• [Prompt]
Transcribe the lines below exactly. No image belongs in the transcription.

• [Recorded data]
-.-.-

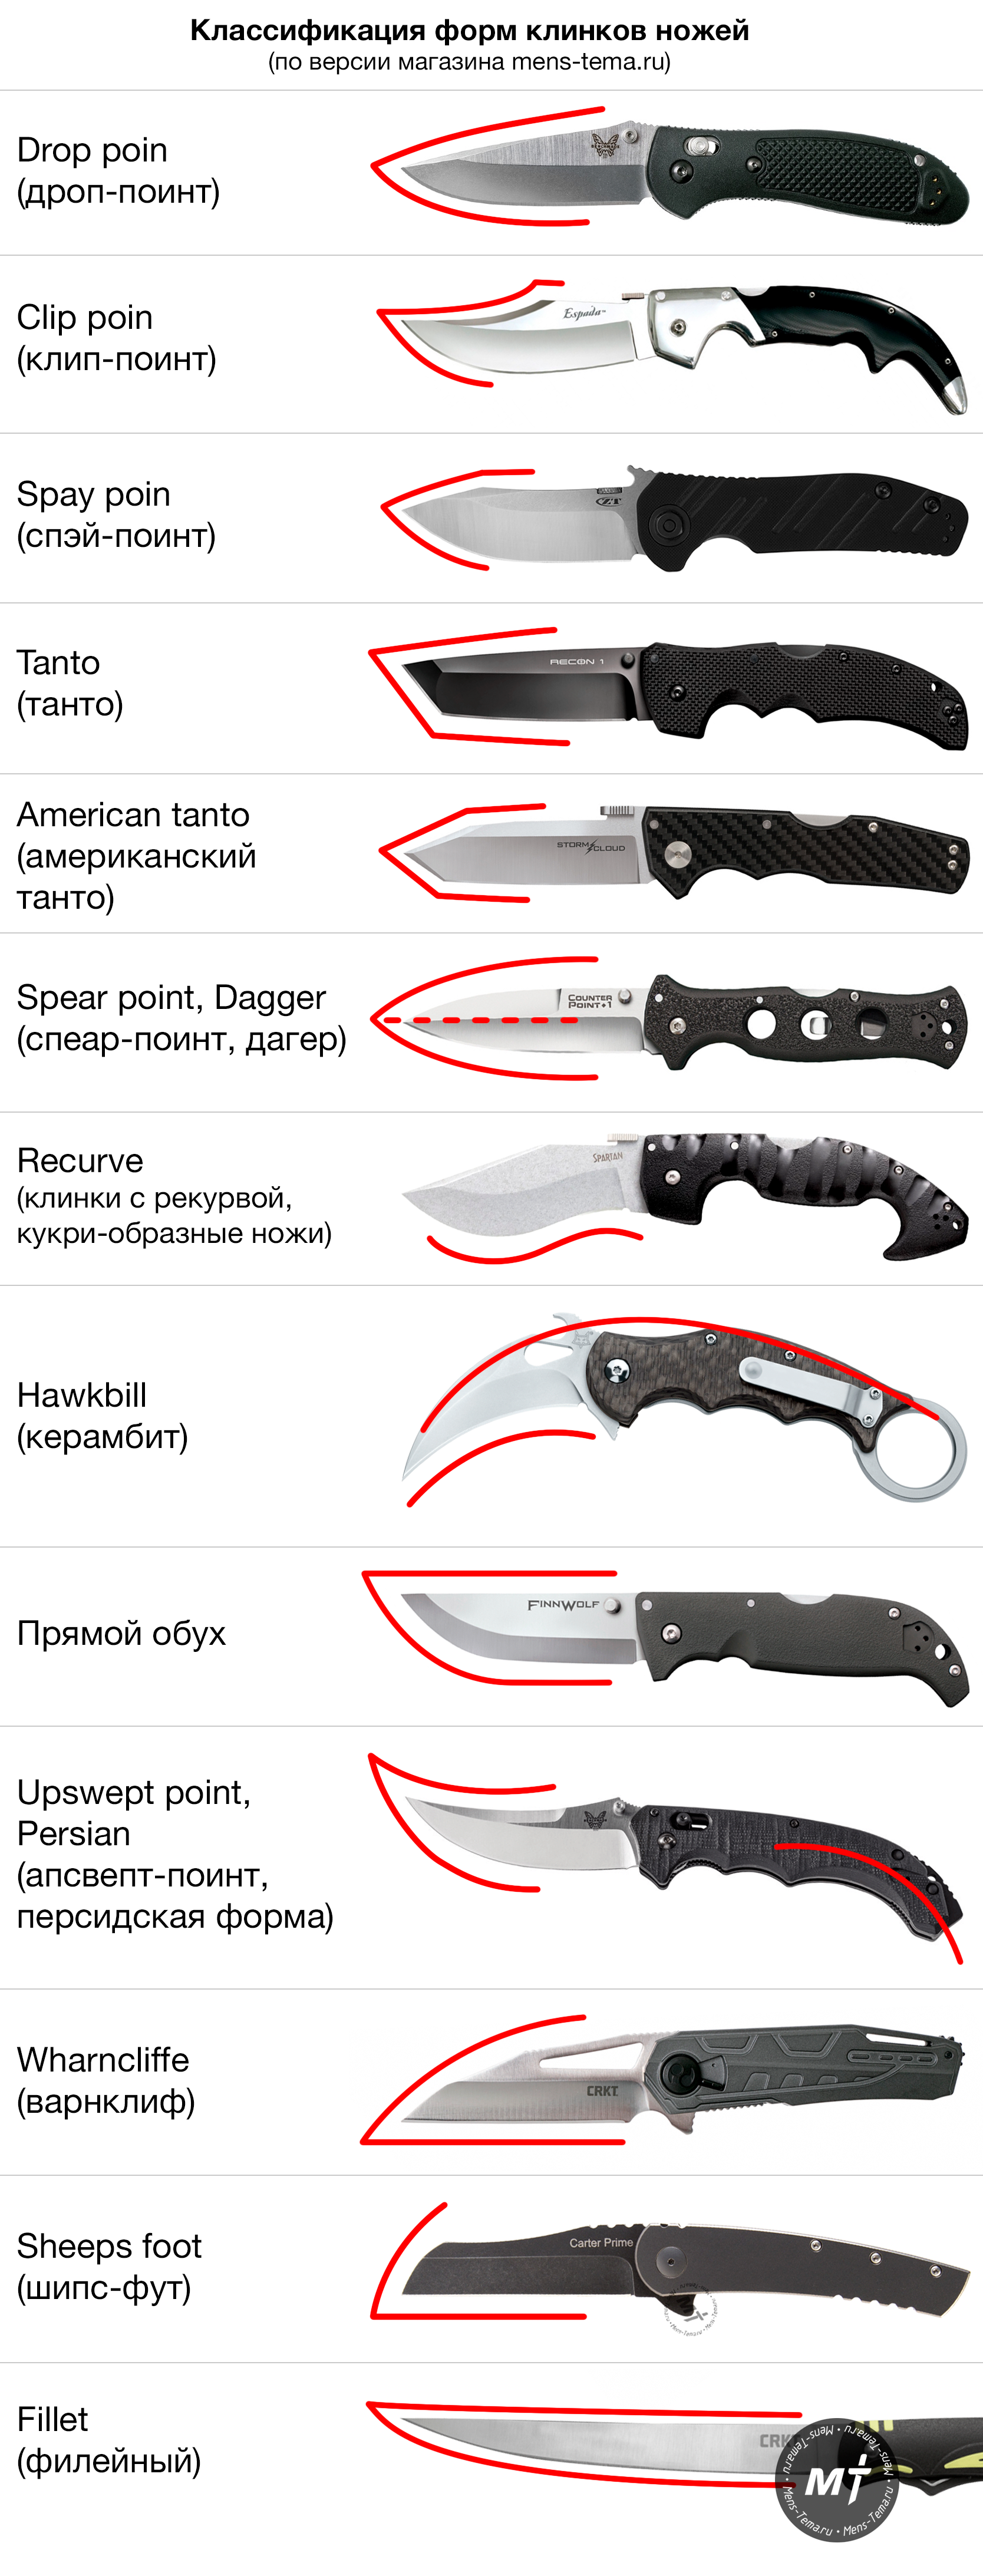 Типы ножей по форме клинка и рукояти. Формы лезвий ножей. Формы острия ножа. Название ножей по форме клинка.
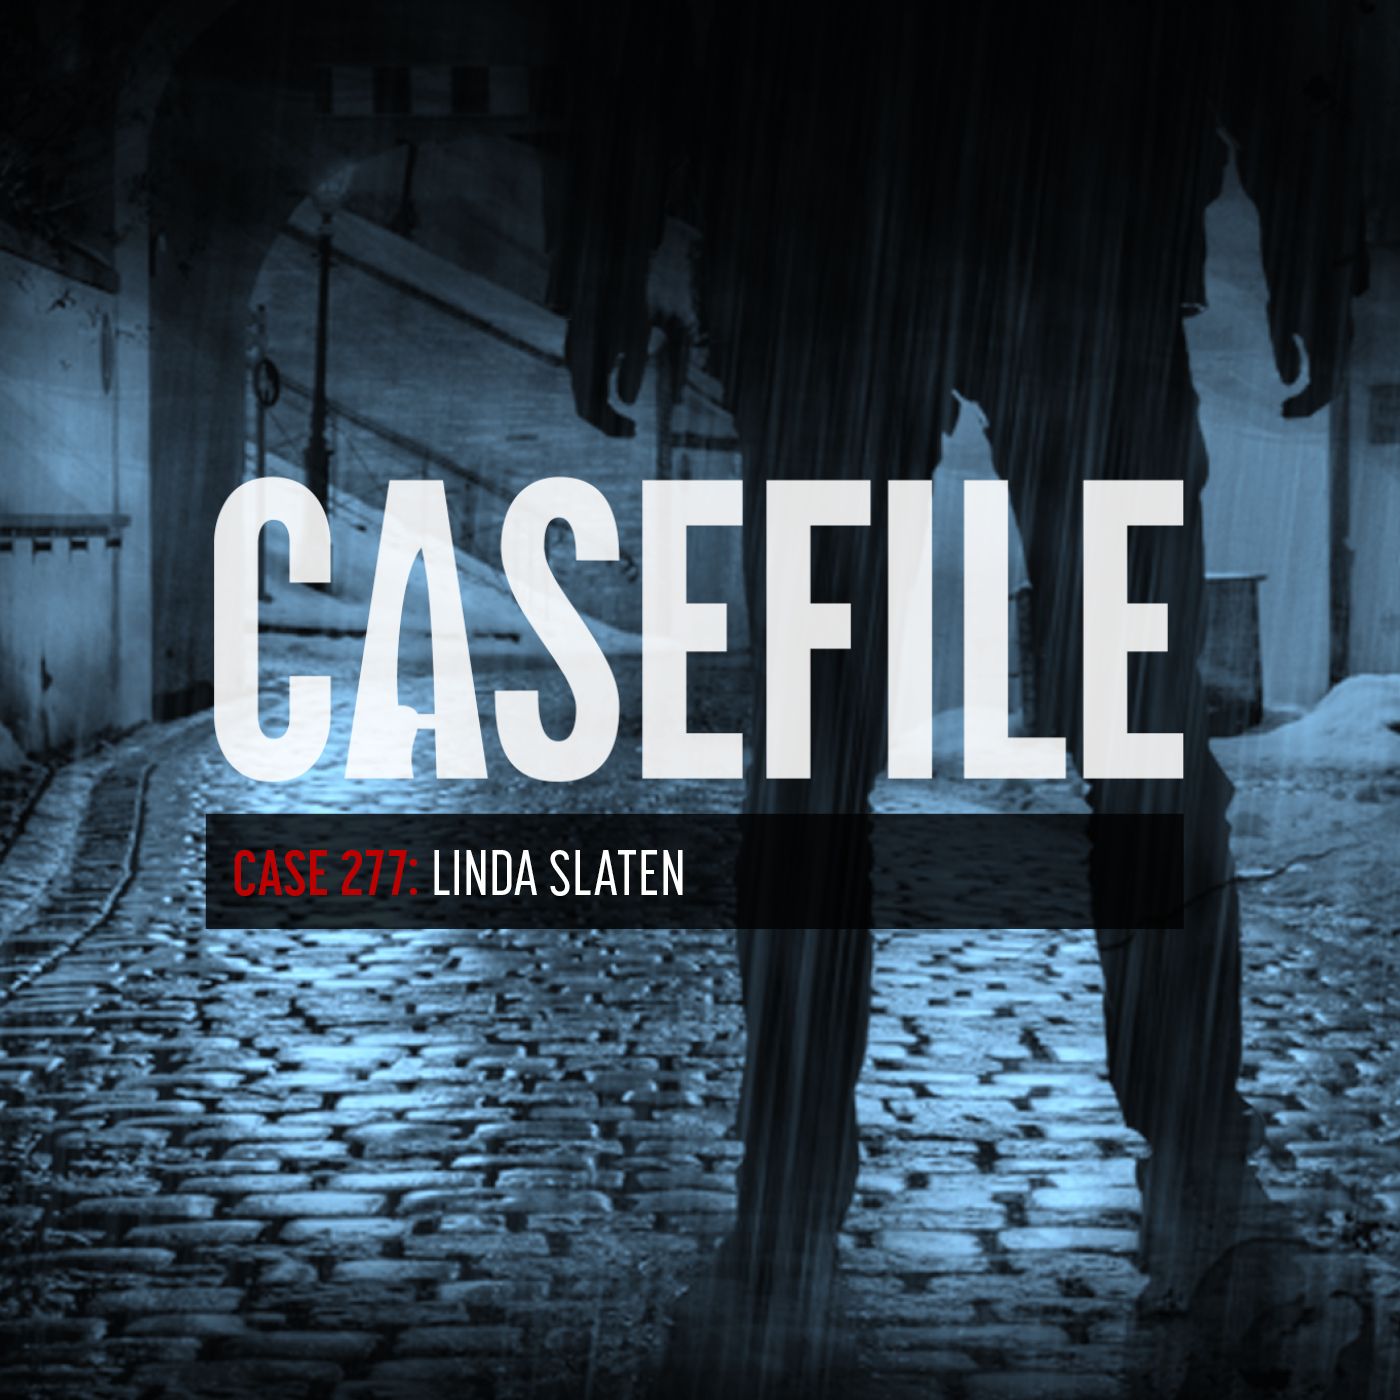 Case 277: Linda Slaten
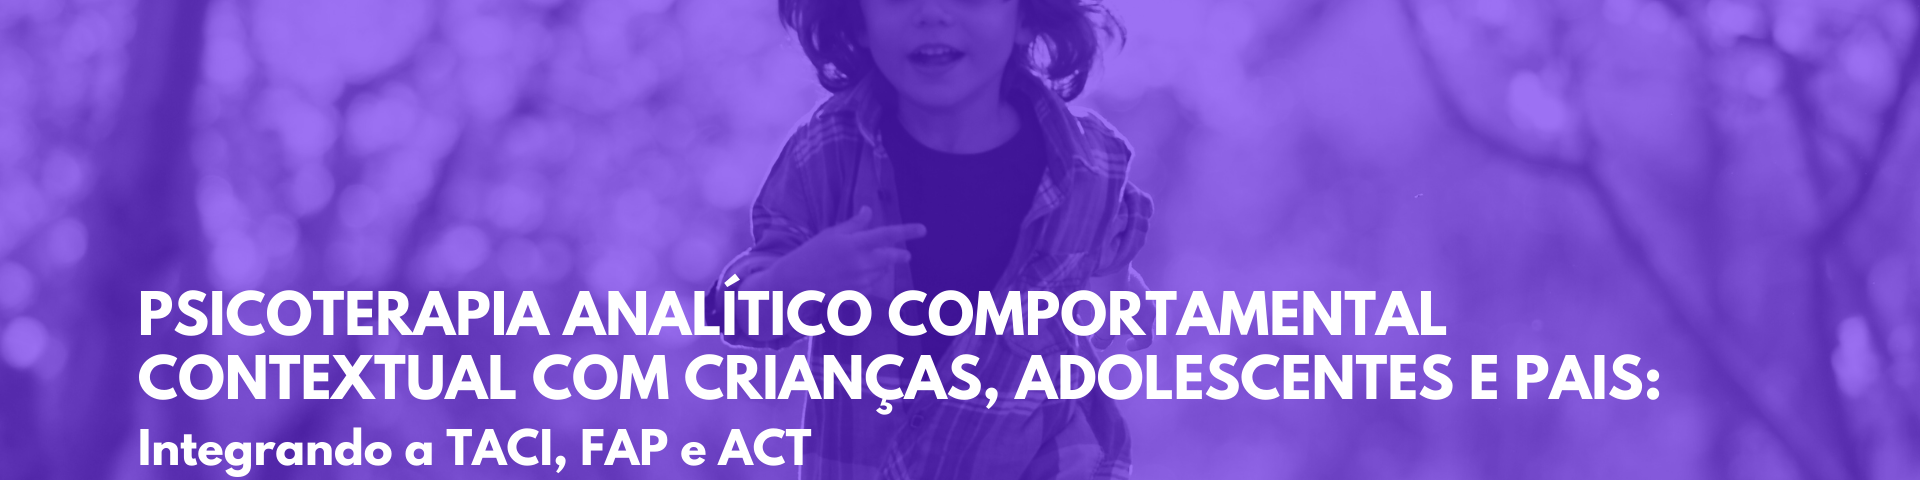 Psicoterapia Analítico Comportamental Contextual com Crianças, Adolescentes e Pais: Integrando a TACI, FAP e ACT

-.-.-

• [Response to this task]
 Типы ножей по форме клинка и рукояти. Формы лезвий ножей. Формы острия ножа. Название ножей по форме клинка.
 Case 277: Linda Slaten
 Psicoterapia Analítico Comportamental Contextual com Crianças, Adolescentes e Pais: Integrando a TACI, FAP e ACT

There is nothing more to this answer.